AFTERART PHOTOLAB is a space dedicated to film photography, located in the Jing’an district of Shanghai. In addition to its exhibitions, it offers custom framing, color and black-and-white film processing and scanning, as well as mechanical processing of motion picture films.

The space also has a darkroom and plans to soon offer color and black-and-white printing classes.
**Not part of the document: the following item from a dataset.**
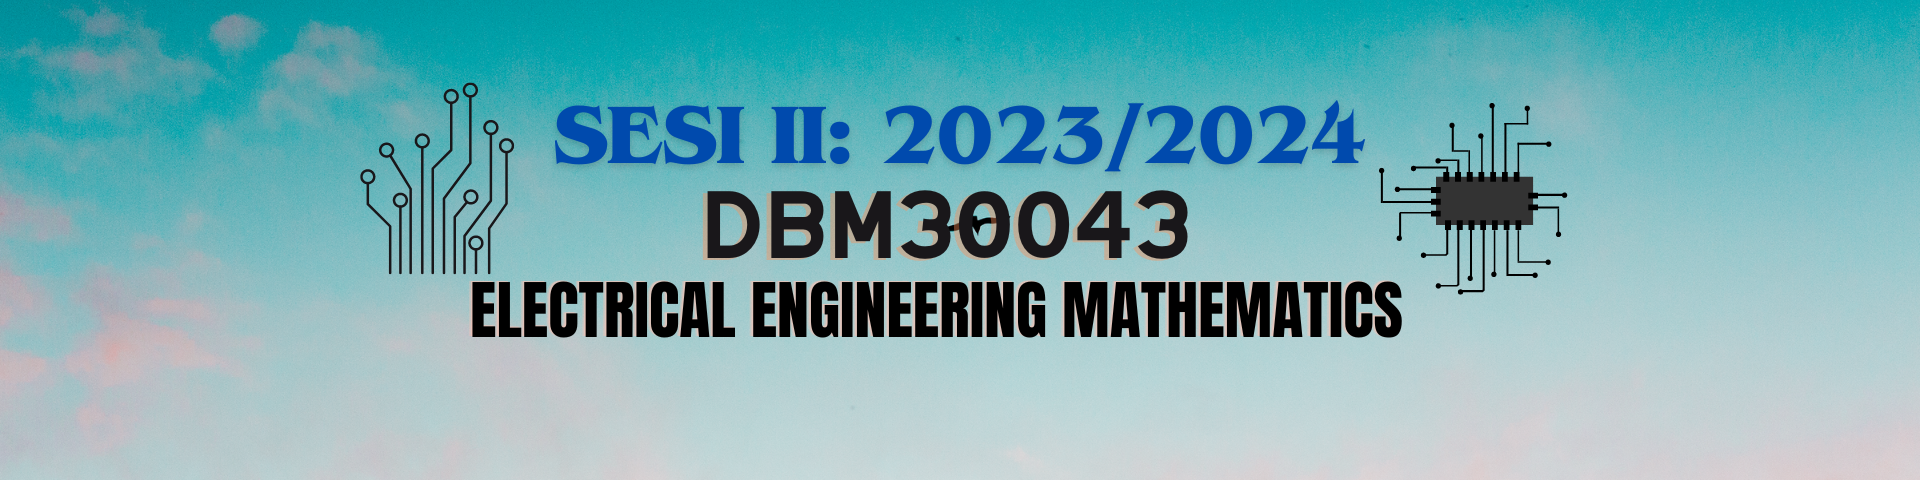 DBM30043 ELECTRICAL ENGINEERING MATHEMATICS

Photo book readings, workshops, and meetings will gradually enrich the program, making this laboratory a true place of sharing and creation for photography enthusiasts and professionals alike.

Deng Qiwen

 

Nong Hao, Ryoji Akiyama Photography Exhibition
April 4 to June 6, 2025
AFTERART PHOTOLAB
No. 22 North Fujian Rd, Jing’an District, Shanghai, China
Exhibition open daily, 10:30 a.m. to 6:00 p.m.
http://xhslink.com/a/hgNgbdvjb4Zcb

 

(1) “Nong Hao” (侬好) is a greeting in the Shanghainese dialect, meaning “Hello” or “Hello.”

(2) The Reform and Opening Up, launched by Deng Xiaoping in 1978, refers to a series of economic and social reforms aimed at modernizing China and integrating it into the global economy.